Let's be more precise. There are emotions you are _aware_ of and emotions that
you are not. When we say "consciously feel" it, we are talking about
awareness.

Awareness can be trained and expanded. Awareness can also be conditioned to
avoid painful and unpleasant experiences. In such a way, emotions can be
buried deep in the psyche, with mental constructs that filter someone from
feeling it.

It's also been in my experience that burying painful emotions leads to rot.

------
mettamage
Reminds me of a neuroscience article of Berridge where he talks about emotions
that we're not conscious of. I did some digging and found of articles of
Berridge. It seems that he mainly worked with another researcher who knows
more about this: Piotr Winkielman.

Berridge wrote a lot about unconscious liking and unconscious wanting. He
showed that in rats there are different neural areas being activated. There is
a wanting pathway and there are liking hotspots ('islands' close or on the
wanting pathway).

Disclaimer: bsc. psychology, typing this from memory so subtle errors are
probably there.

I hope the links aren't paywalled, I didn't look into it.

Links:

[http://cdp.sagepub.com/content/13/3/120.full.pdf](http://cdp.sagepub.com/content/13/3/120.full.pdf)

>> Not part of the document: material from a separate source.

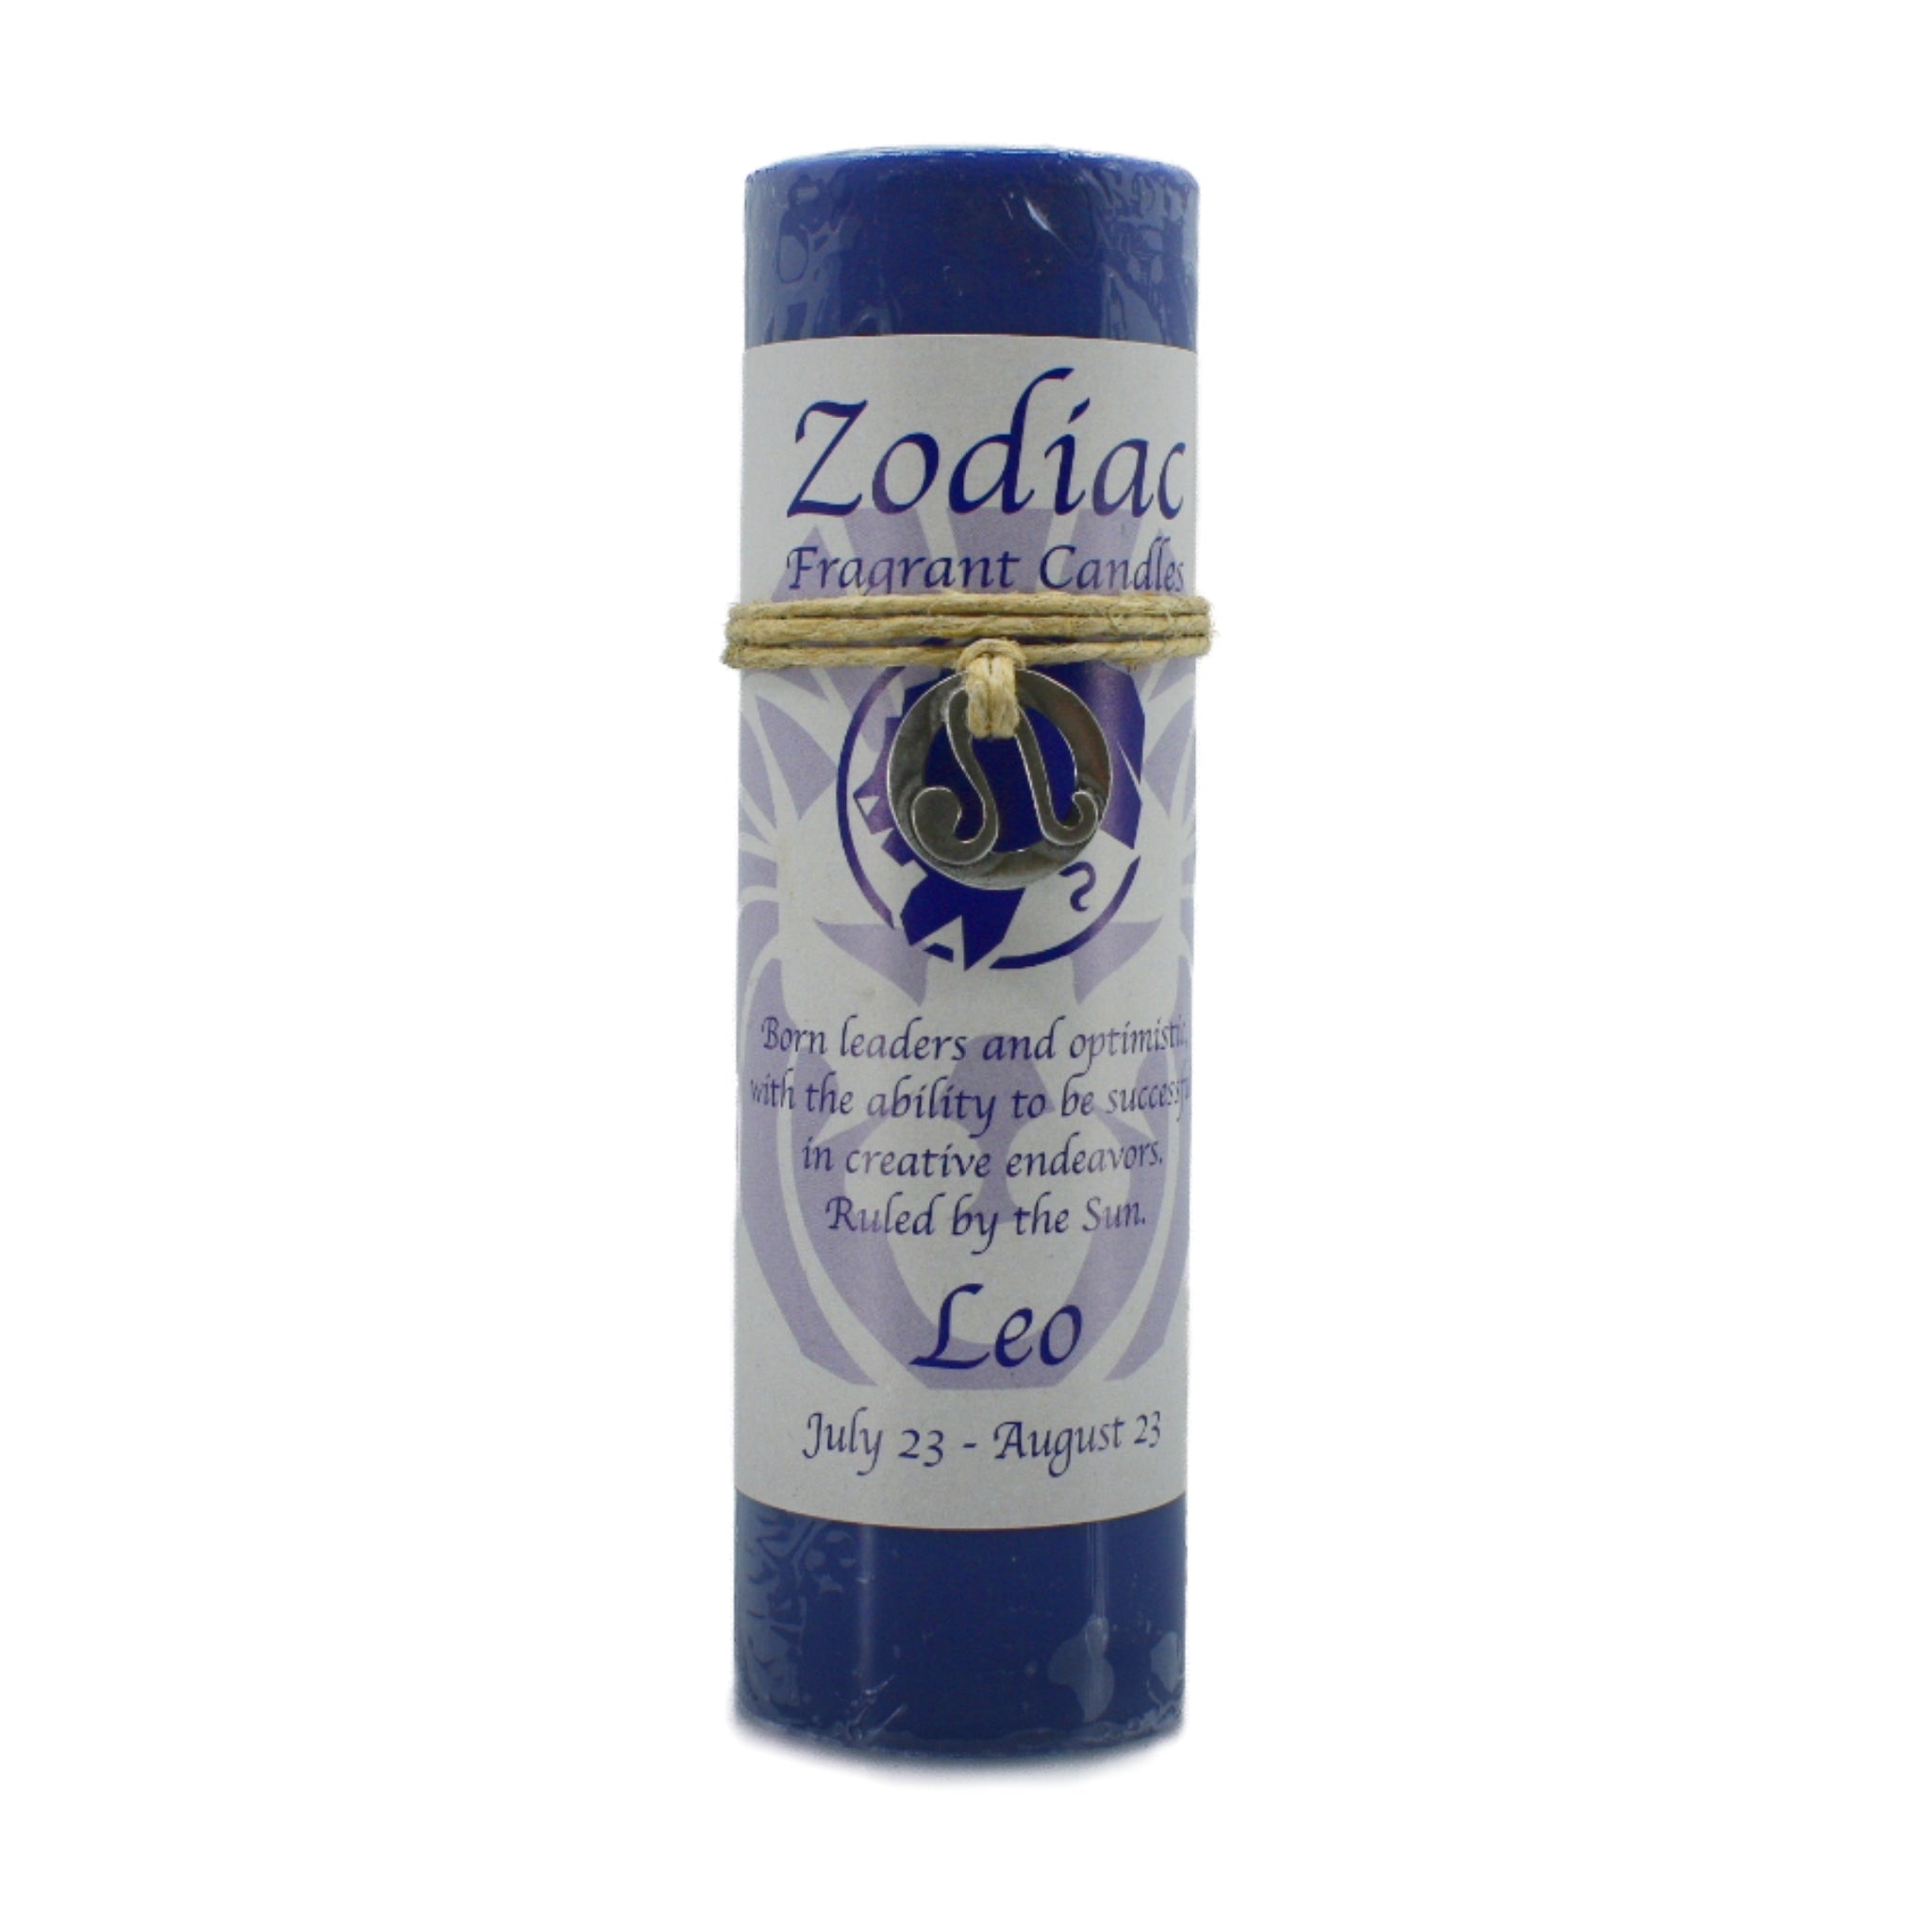 Leo Zodiac Pendant Candle.  Optimistic, born leaders, with the ability to be successful in creative endeavors.  Candle is blue.

[http://lsa.umich.edu/psych/research&labs/berridge/publicatio...](http://lsa.umich.edu/psych/research&labs/berridge/publications/Berridge%20&%20Winkielman%20unconscious%20emotion%202003.pdf)

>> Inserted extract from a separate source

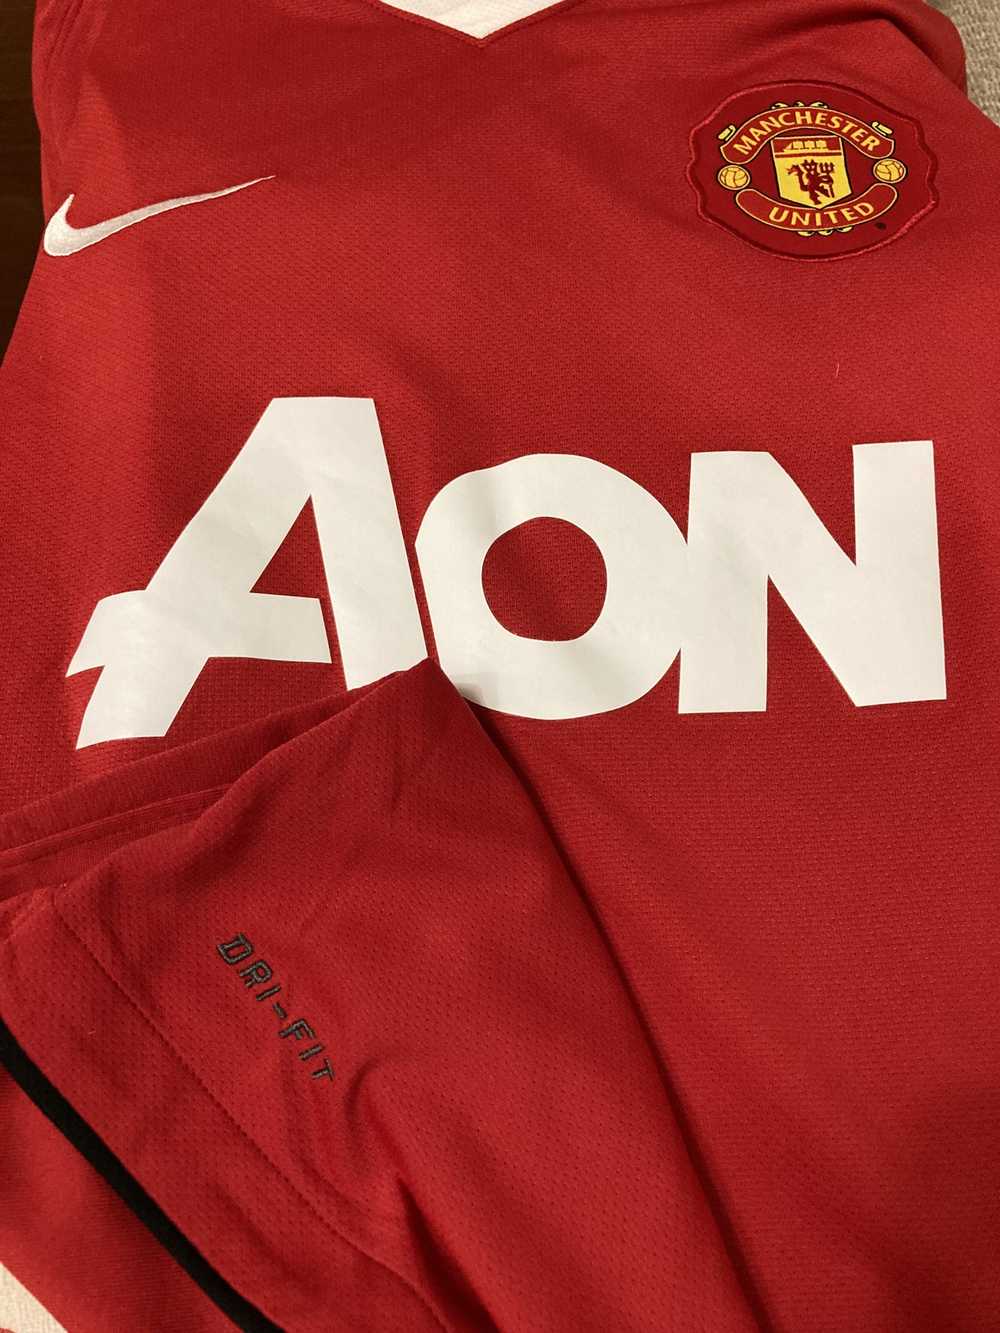 Manchester United × Nike × Soccer Jersey Jersey N… - image 4

[http://psy2.ucsd.edu/~pwinkiel/winkielman_zajonc_ER-2010.pdf](http://psy2.ucsd.edu/~pwinkiel/winkielman_zajonc_ER-2010.pdf)

Pages of the researchers.

Berridge:
[http://lsa.umich.edu/psych/research&labs/berridge/research/a...](http://lsa.umich.edu/psych/research&labs/berridge/research/affectiveneuroscience.html)

Winkielman: [http://winkielmanlab.ucsd.edu/](http://winkielmanlab.ucsd.edu/)

------
knoke
I think a good way to think about emotions and feelings is by strictly
separating them conceptually: Feelings are bodily effects like fear, anger,
hunger, arousal... while emotions are learned acts of communication. Emotions
are interpretations of feelings and Emotions are communicated feelings,
arranged in complex patterns or "scripts" that are culturally highly variable.
So you could say that all emotions (outward, visible acts of communication)
are based on more "invisible" feelings. Take mourning for example. The
feelings are a mixture of fear, but how you mourn is extremely variable over
cultures, times and even intrapersonally. Emotions have to be learned,
feelings are the raw material or puzzle pieces the body/mind offers from
birth.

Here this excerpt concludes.